Hardware hacker bunnie Huang‘s latest project is a mobile device called Precursor. While it looks a bit like a phone or PDA, Huang describes it as a “mobile, open source electronics platform” designed for development purposes.

It’s set to go up for pre-order through a Crowd Supply crowdfunding campaign soon, but Huang has published a blog post explaining the project and there are plenty of details on the Crowd Supply preview pages.


The idea behind the Precursor isn’t to provide a device that can replace your smartphone or tablet, but rather to offer a system that you have nearly complete control over.

Instead of a traditional CPU, it has an FPGA that allows users to program the chip so it emulates many different types of processor, giving you far more control over the hardware than you’d have from a typical mobile device.

Out of the box, the FPGA will be configured to work as a 100 MHz, 32-bit RISC-V CPU, but it can be configured to emulate many older processor types. Just keep in mind that it tops out at 100 MHz speeds.
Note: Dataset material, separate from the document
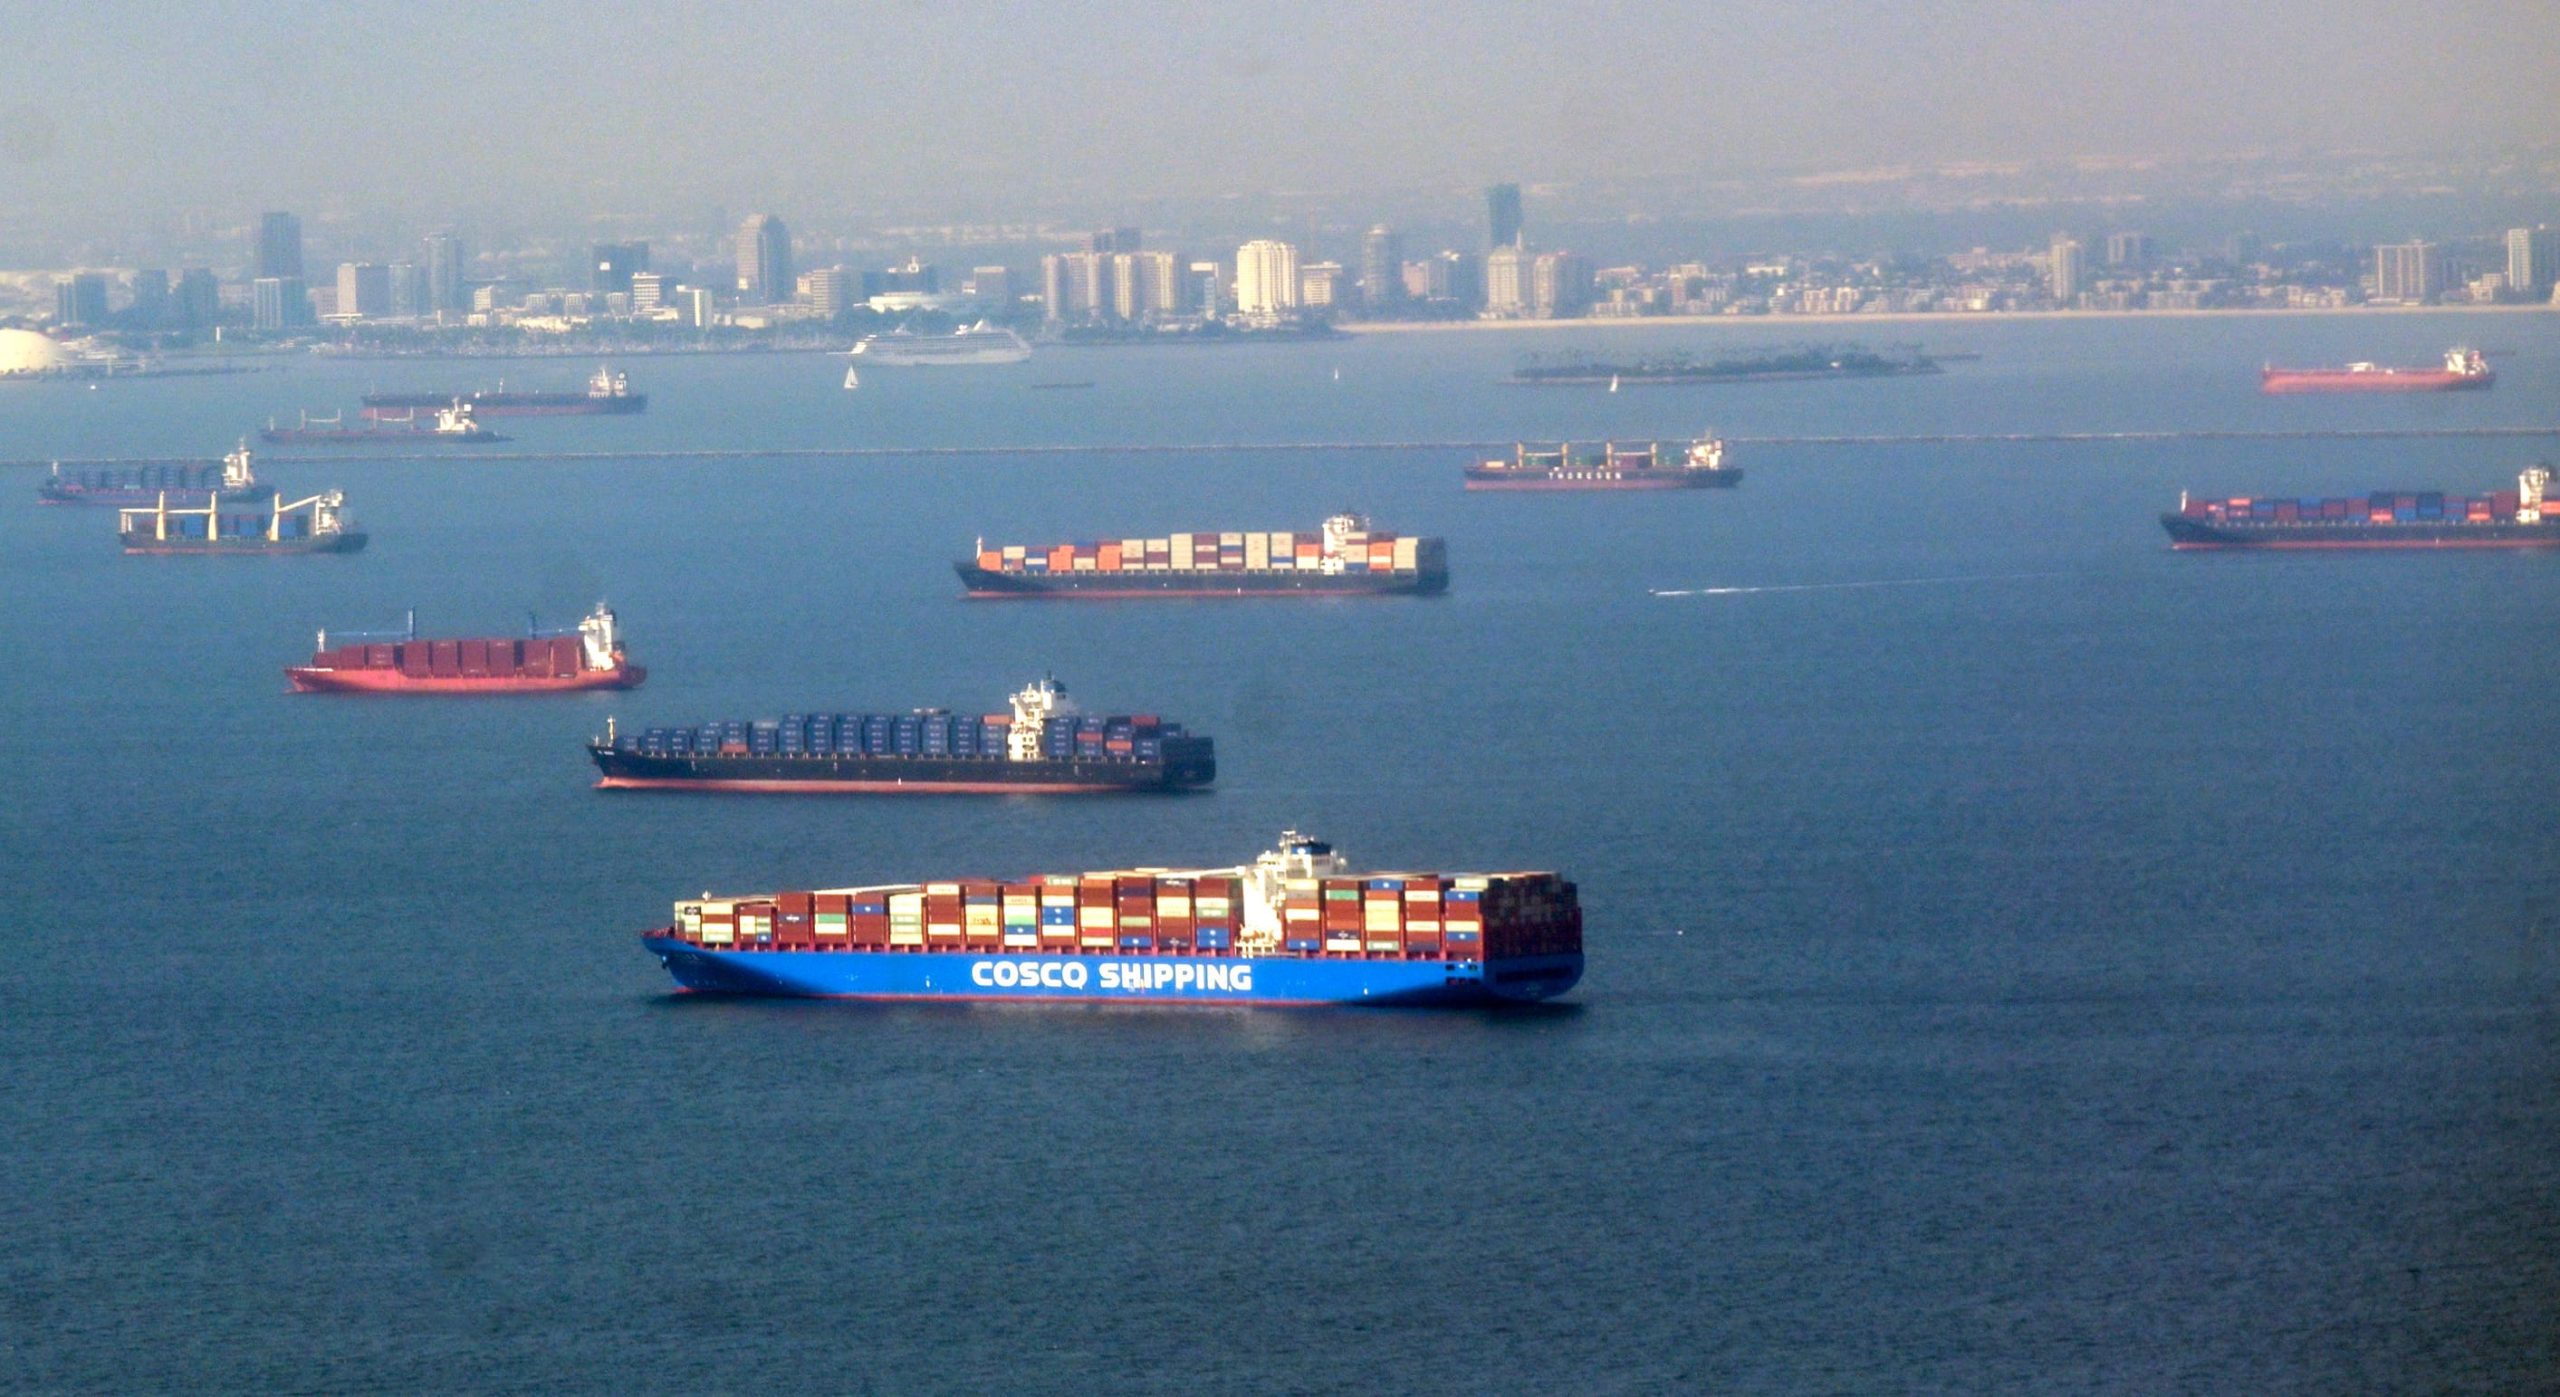 Los muelles de California ven un 'progreso significativo' con la acumulación de la cadena de suministro, dice el jefe del puerto

Huang says the system will be more powerful than a Palm Pilot or Nintendo DS, but it’s best suited for developers who want to create a single-purpose device completely from scratch… and if you want to create a mobile device that accomplishes a different task then you can adjust the hardware and software settings and start over again.

The Precursor’s hardware is designed to be entirely inspectable and understandable by a single knowledgeable user. As Huang notes, “Even though the full source code for the Linux kernel and Firefox is published, nobody has the time to personally review every release for potential security problems; we simply trust that others have done a good job, because we have no other choice.” So this device is intentionally simple.
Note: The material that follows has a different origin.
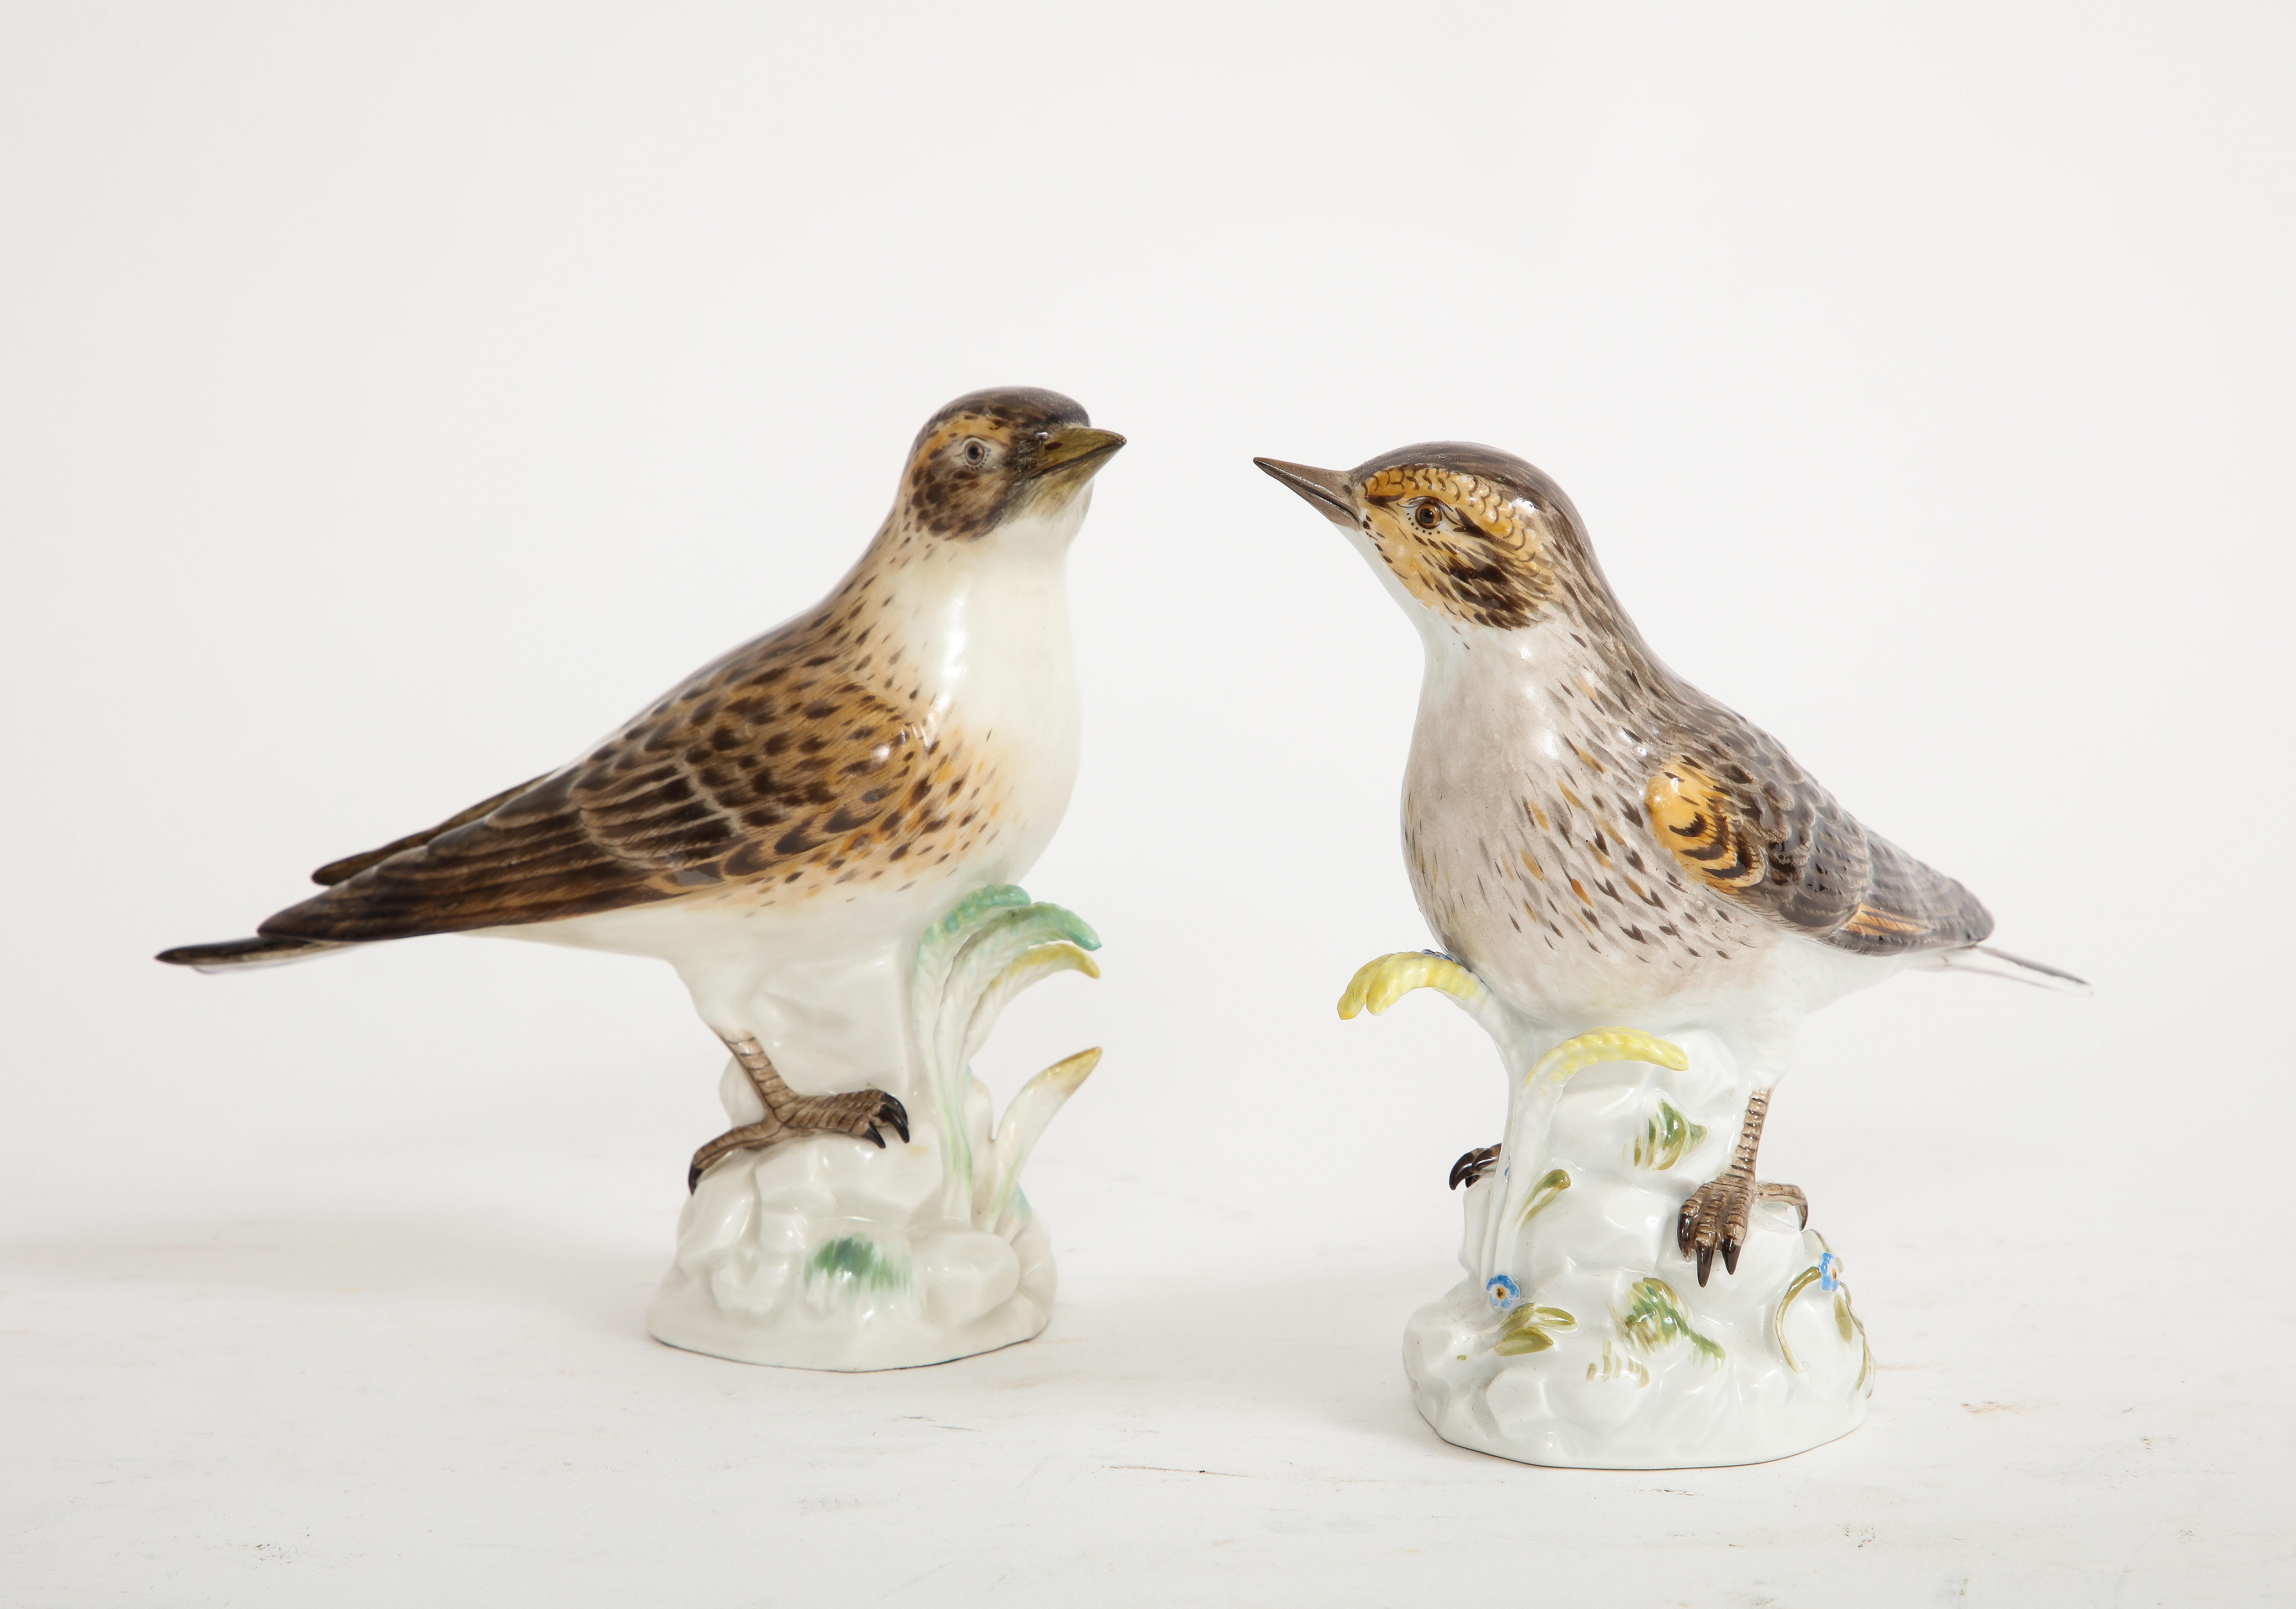 Paire de modèles en porcelaine de Meissen du 20e siècle représentant des oiseaux bruns. Chacun d'entre eux est représenté de manière naturaliste, perché sur un arbre blanc parsemé de fougères et de fleurs. Ils sont vraiment magnifiques et très

The Precursor’s hardware includes:

  • Xilinx XC7S50 primary System on Chip (SoC) FPGA
  • iCE40UP5K secondary Embedded Controller (EC) FPGA
  • 16 MB external SRAM
  • 128 MB FLASH
  • 536 x 336 pixel black and white display (200 pixels per inch)
  • Physical keyboard with changeable layout overlays (backlit)
  • 0.7 W speaker
  • Vibration motor
  • 3.5mm headphone jack (but no integrated microphone)
  • SiliconLabs WF200C WiFi chipset (sandboxed)
  • USB-C port
  • 1,100 mAh battery
  • Anti-tamper features

Huang says users should expect about 5.5 hours of battery life when using the device, or 100 hours of standby time. It takes about 3 hours to fully recharge the battery.
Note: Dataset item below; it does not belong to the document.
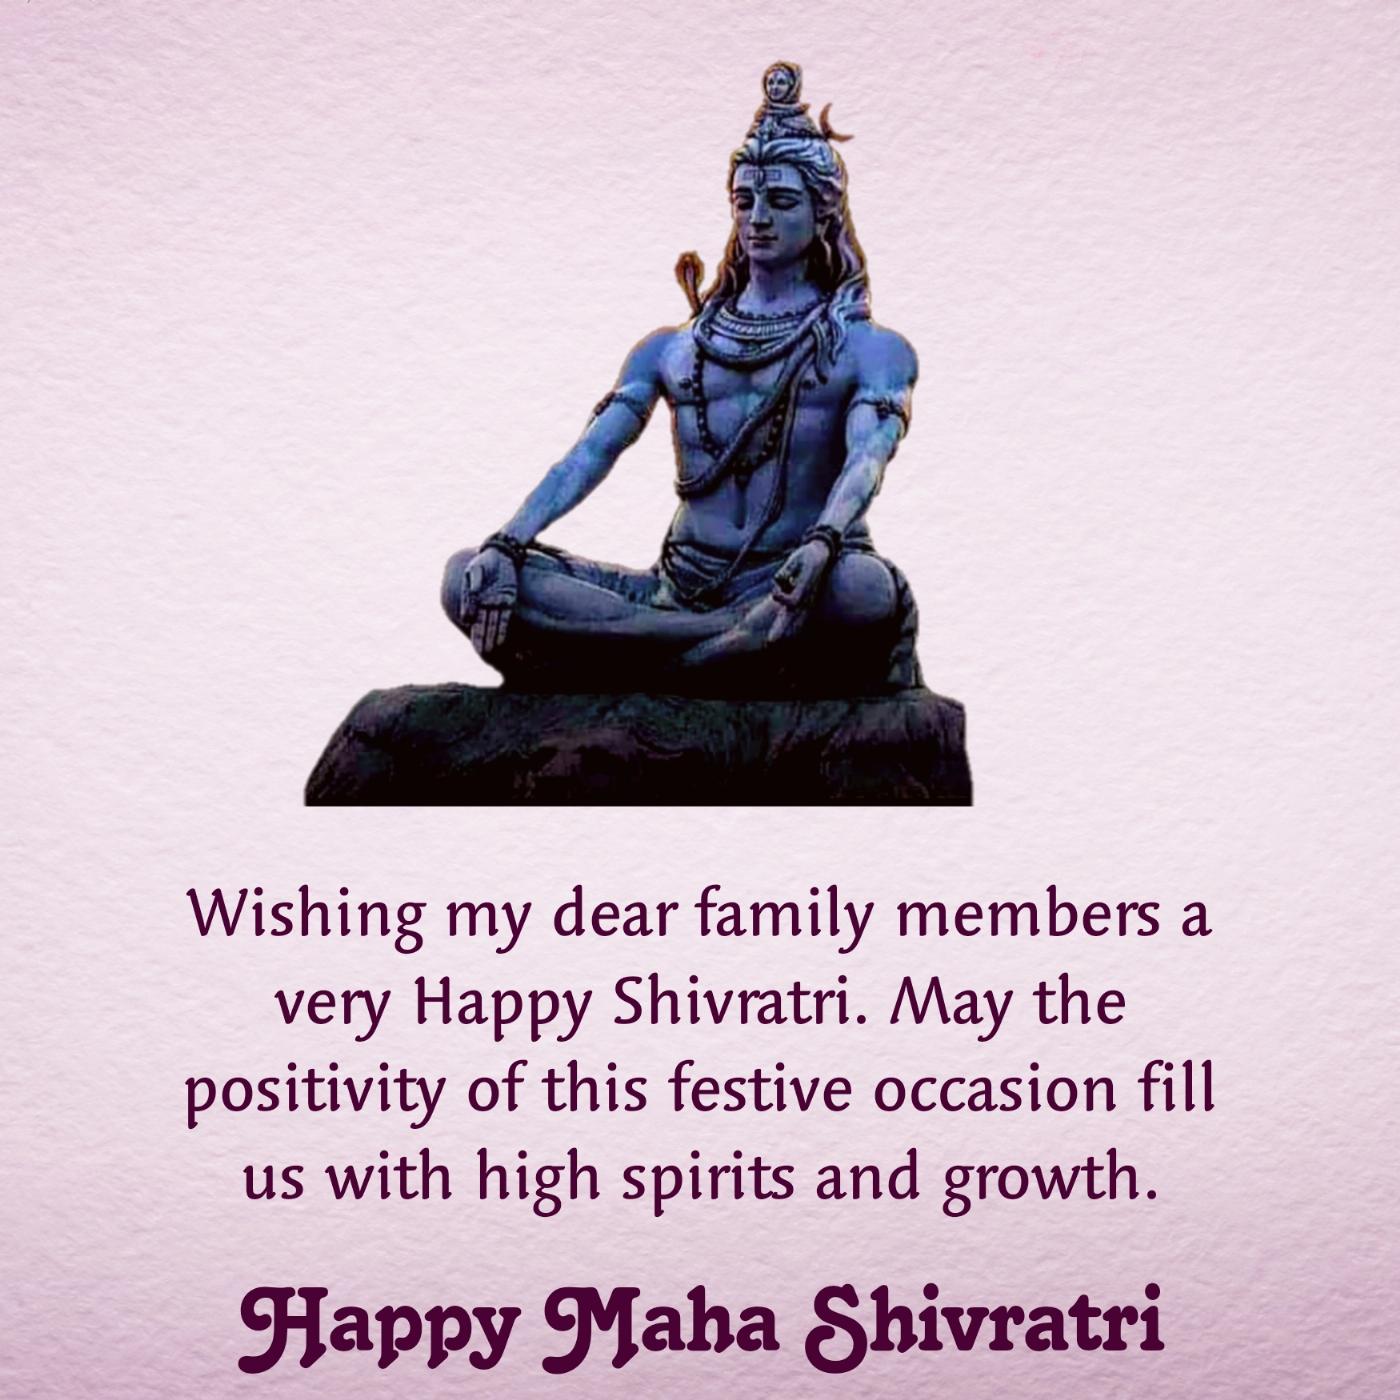 Wishing my dear family members a very Happy Shivratri

The device measures about 138 x 69 x 7.2mm and weighs 96 grams, making it smaller and lighter than most modern smartphones. It has an aluminum alloy case, but 3D design files will be available for those that want to produce their own cases.

There’s also no adhesive holding the Precursor device together. You can open it up with a screwdriver and add a cellular modem or other hardware that’s not included.

Pricing and availability details haven’t been announced yet.